The lower limit of the film rate of the seamless soft capsule may be set to, for example, 3%, 4%, 8%, 12%, or 16%. The upper limit of the film rate may be set to, for example, 50%, 40%, 30%, 20%, 18%, 16%, 14%, or 12%. The lower limit and the upper limit of the film rate may be suitably combined to define a numerical range. For example, the film rate may be set to 3 to 50%, 3 to 40%, 3 to 30%, 3 to 20%, 3 to 18%, 3 to 16%, 3 to 14%, 3 to 12%, 4 to 50%, 4 to 40%, 4 to 30%, 4 to 20%, 4 to 18%, 4 to 16%, 4 to 14%, 4 to 12%, 8 to 50%, 8 to 40%, 8 to 30%, 8 to 20%, 8 to 18%, 8 to 16%, 8 to 143, 8 to 12%, 12 to 50%, 12 to 40%, 12 to 30%, 12 to 20%, 12 to 18%, 12 to 16%, 12 to 14%, 16 to 50%, 16 to 40%, 16 to 30%, 16 to 20%, or 16 to 18%. In the present specification, the “film rate” refers to the ratio of the mass of the capsule film to the mass of the seamless soft capsule. The method for measuring the film rate is as described in the Examples.
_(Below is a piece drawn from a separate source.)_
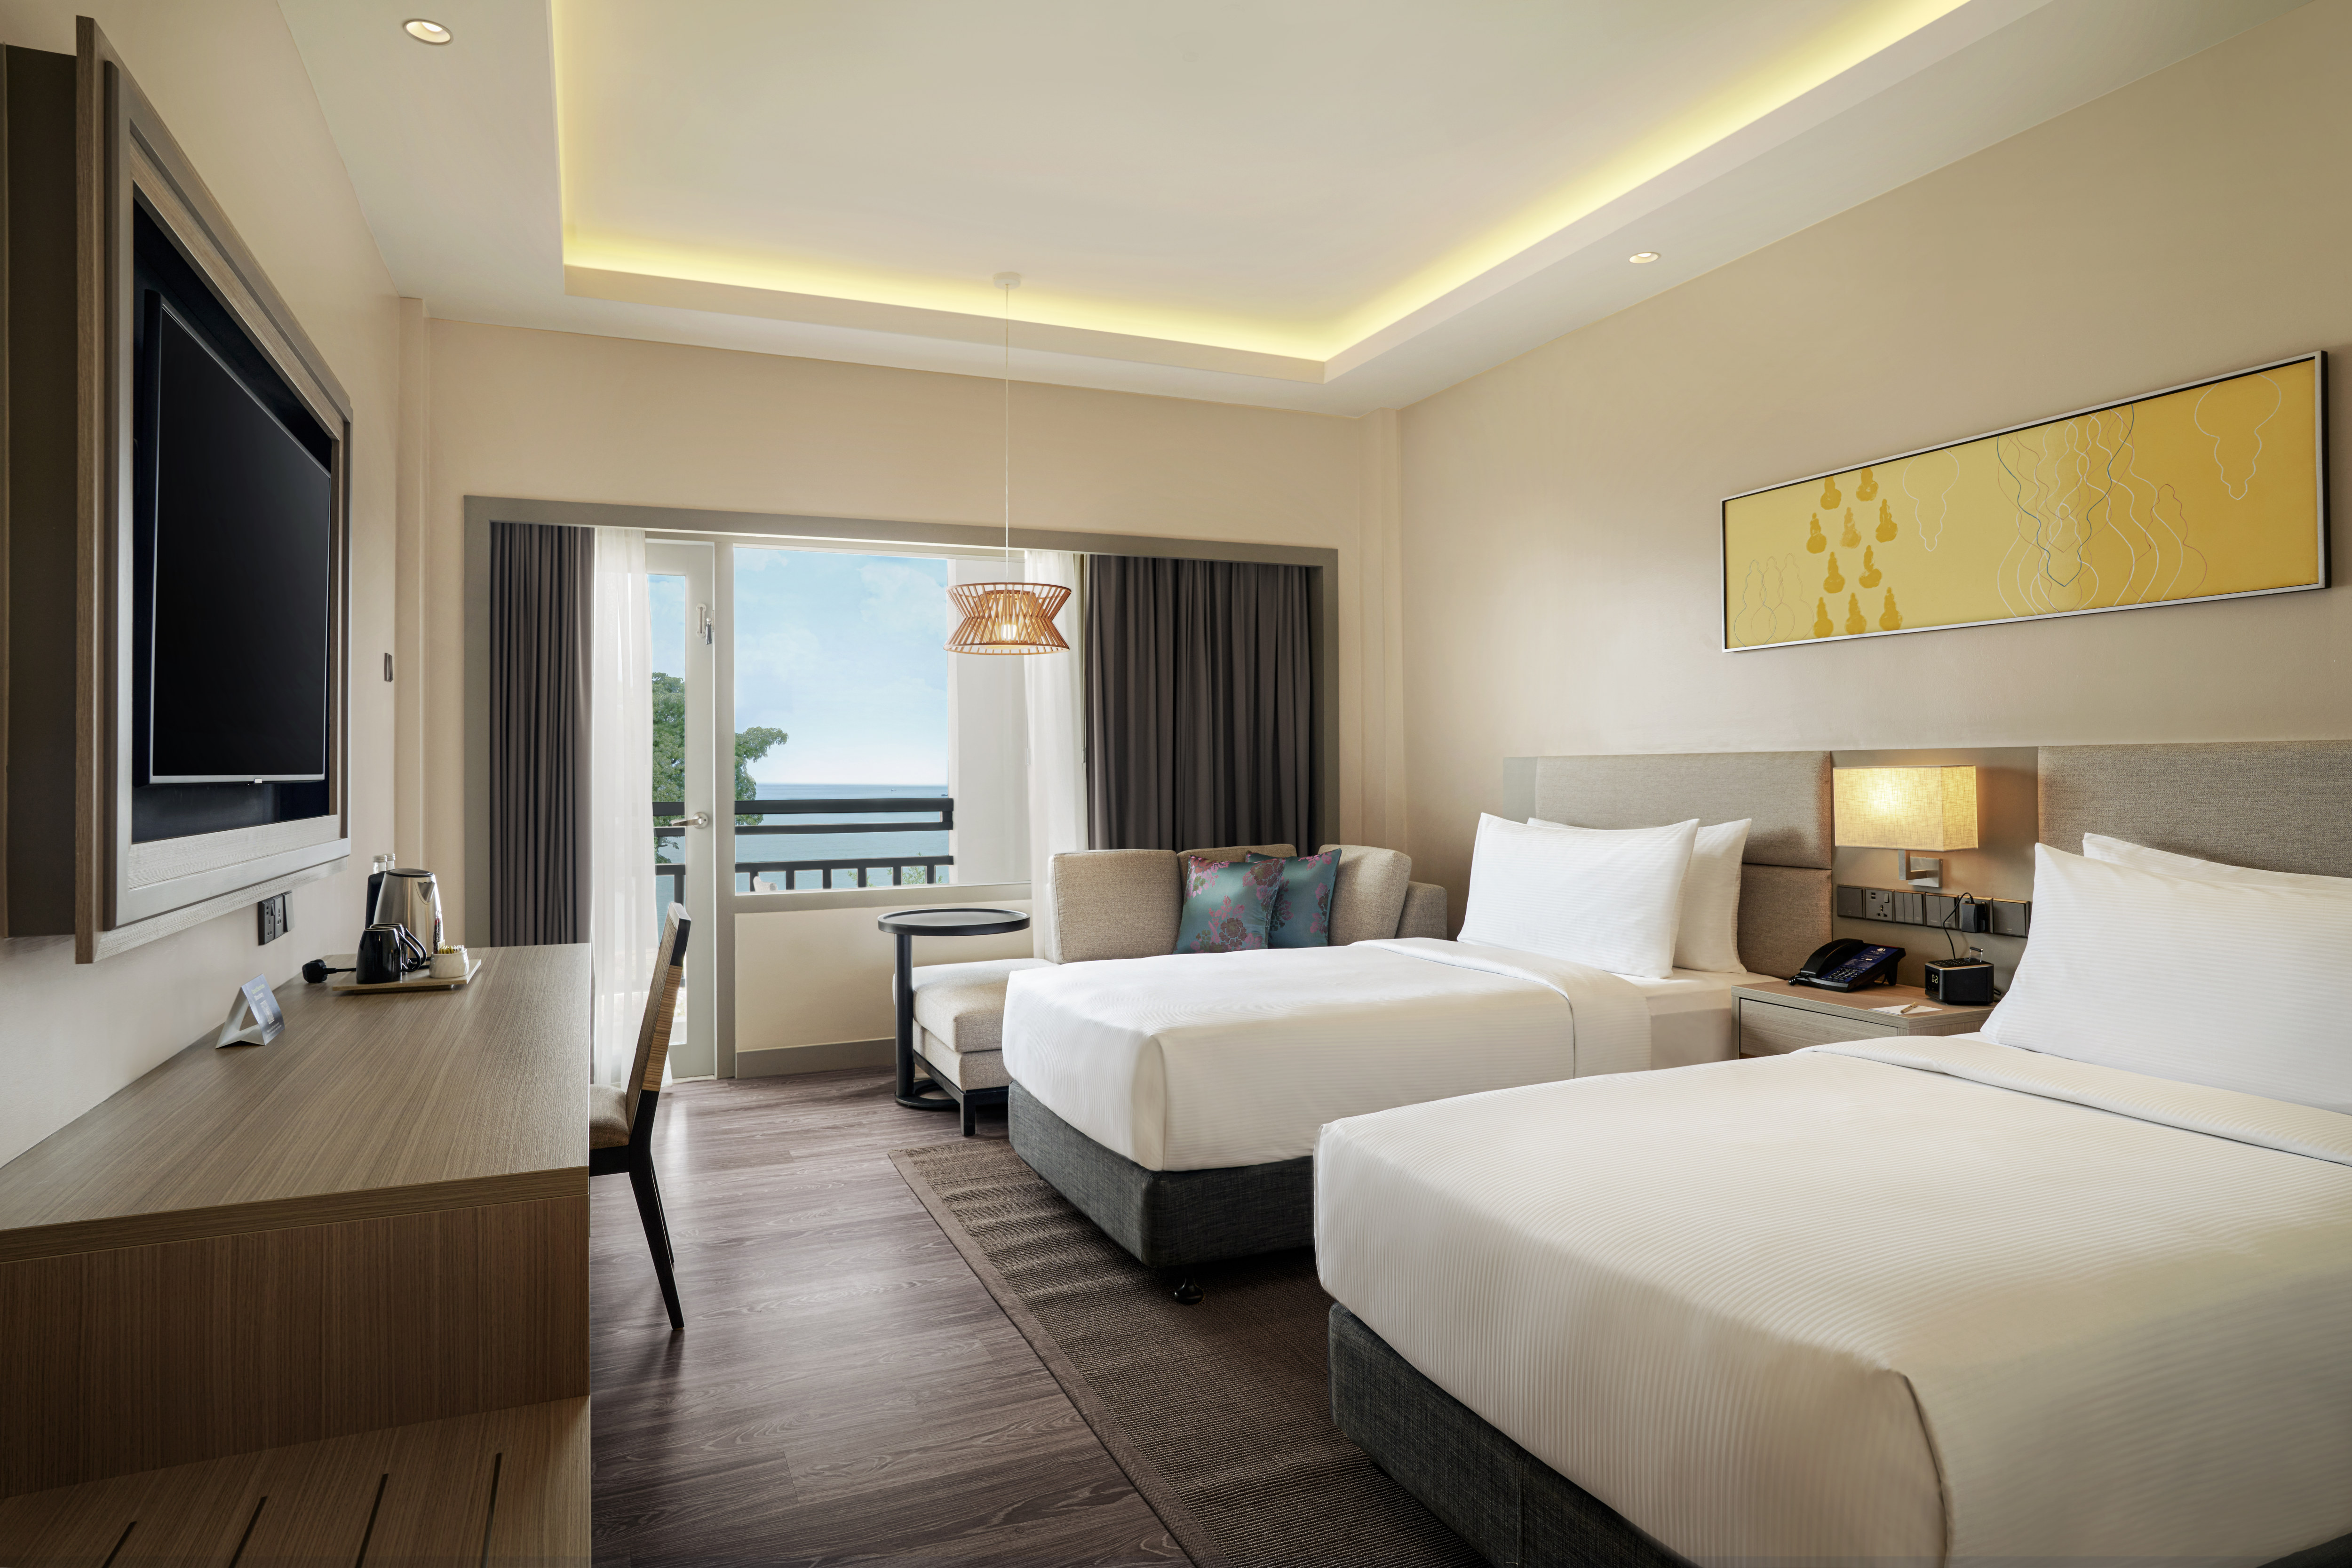 Executive twin beds room with sea view, wall mounted TV and sofa

The inner space of the seamless soft capsule formed by the capsule film of the seamless soft capsule is preferably completely filled with the capsule content. In the present specification, the phrase “completely filled” means that the capsule content is inserted so that there is no gap (no gas exists) between the inner surface of the capsule film and the capsule content.

When the seamless soft capsule is exposed to light with a total illuminance of 1.2 million lux·hr, the residual rate of CBD is preferably 80% or more, more preferably 90% or more, even more preferably 95% or more, and particularly preferably 98% or more. The conditions of light irradiation are as described in the Examples.
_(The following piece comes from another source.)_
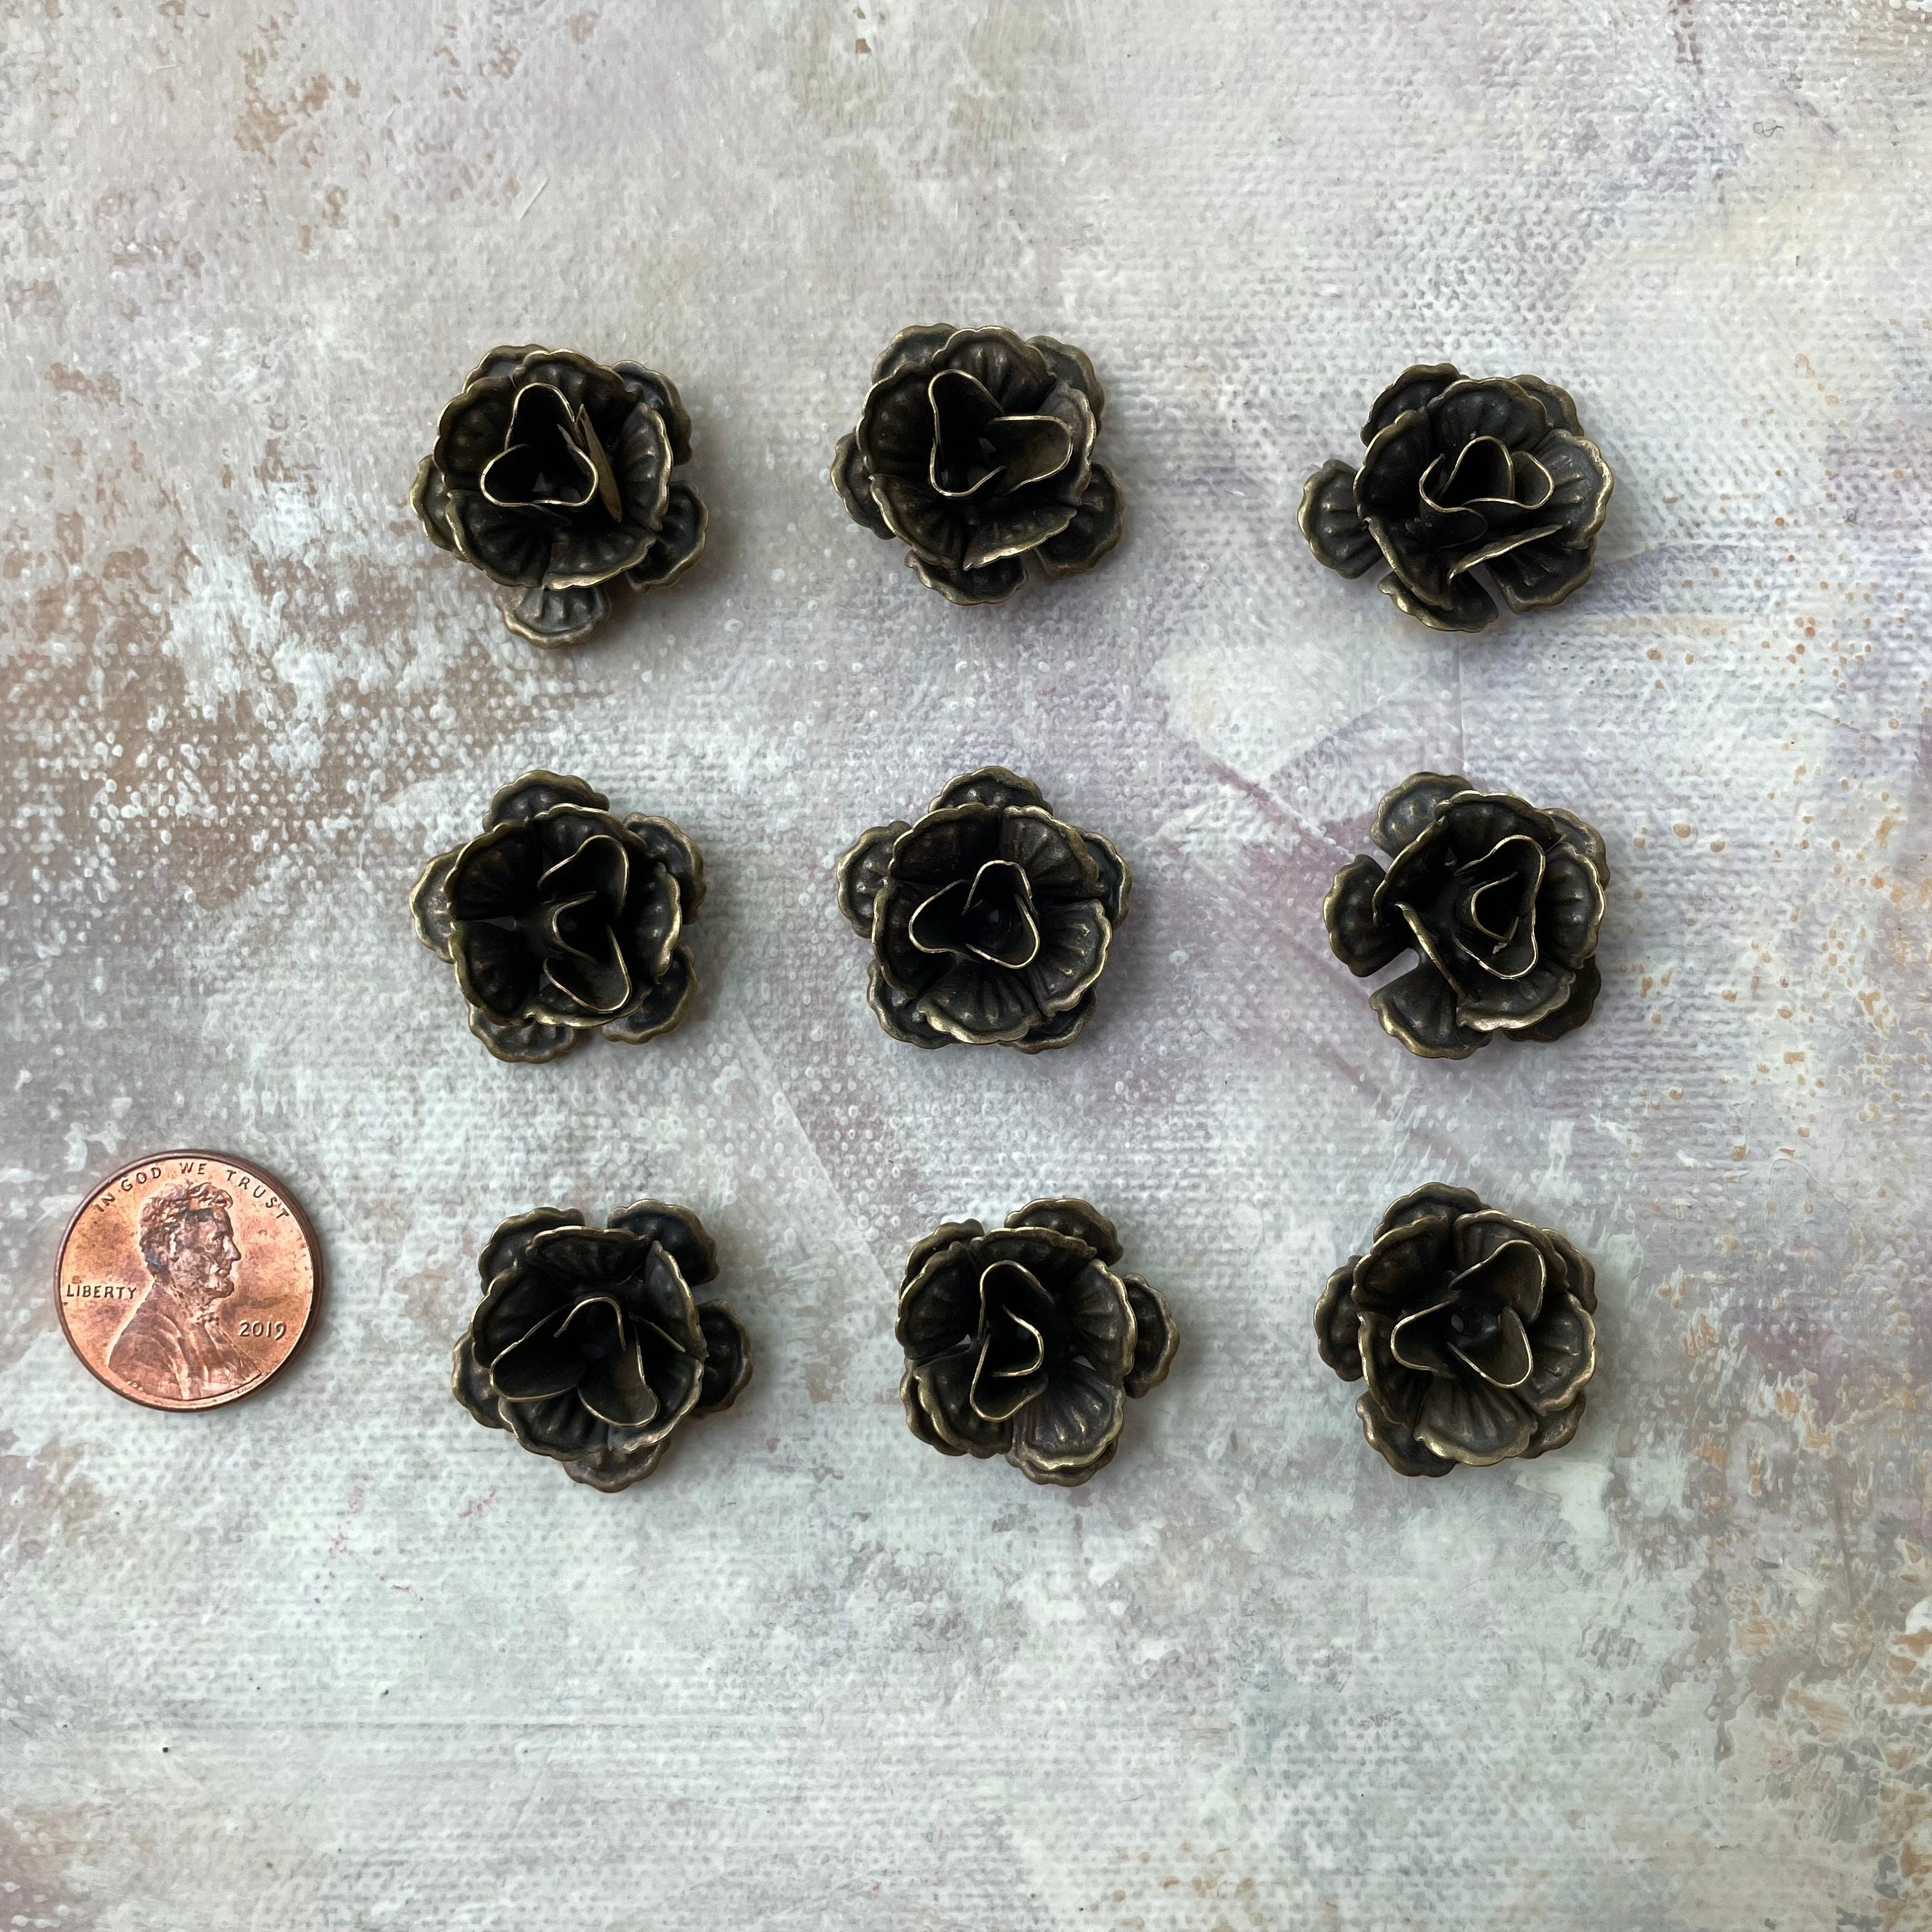 9 mini bronze styling flowers with penny beside for size reference - Flat lay props from Champagne & GRIT

The seamless soft capsule may be configured to be suitable for sublingual administration. Sublingual administration improves the intake efficiency of CBD because of its superior bioavailability.

The seamless soft capsule may be rapidly soluble in the oral cavity. In the present specification, the phrase “rapidly soluble in the oral cavity” means that the disintegration time measured by an oral disintegration tester is 60 seconds or less.
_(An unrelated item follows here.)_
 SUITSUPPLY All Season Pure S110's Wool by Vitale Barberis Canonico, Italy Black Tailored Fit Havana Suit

Specifically, using the Tricorp Tester (produced by Okada Seiko Co., Ltd.), the seamless soft capsule is sandwiched between upper and lower metal meshes, artificial saliva is dropped while applying a load to the upper mesh, and the time when the seamless soft capsule is disintegrated so that the upper and lower meshes come into contact with each other is defined as the disintegration time. The measurement conditions are as described below.

    • Load: 40 g
    • Artificial saliva (KCl: 1.47 g/L, NaCl: 1.44 g/L, Tween 80: 0.3%)
    • Liquid temperature: 37° C.
    • Drop rate: 6 mL/min

The seamless soft capsule may be easily ruptured in the oral cavity. In the present specification, the phrase “easily ruptured in the oral cavity” means that the content can be easily released by chewing in the oral cavity.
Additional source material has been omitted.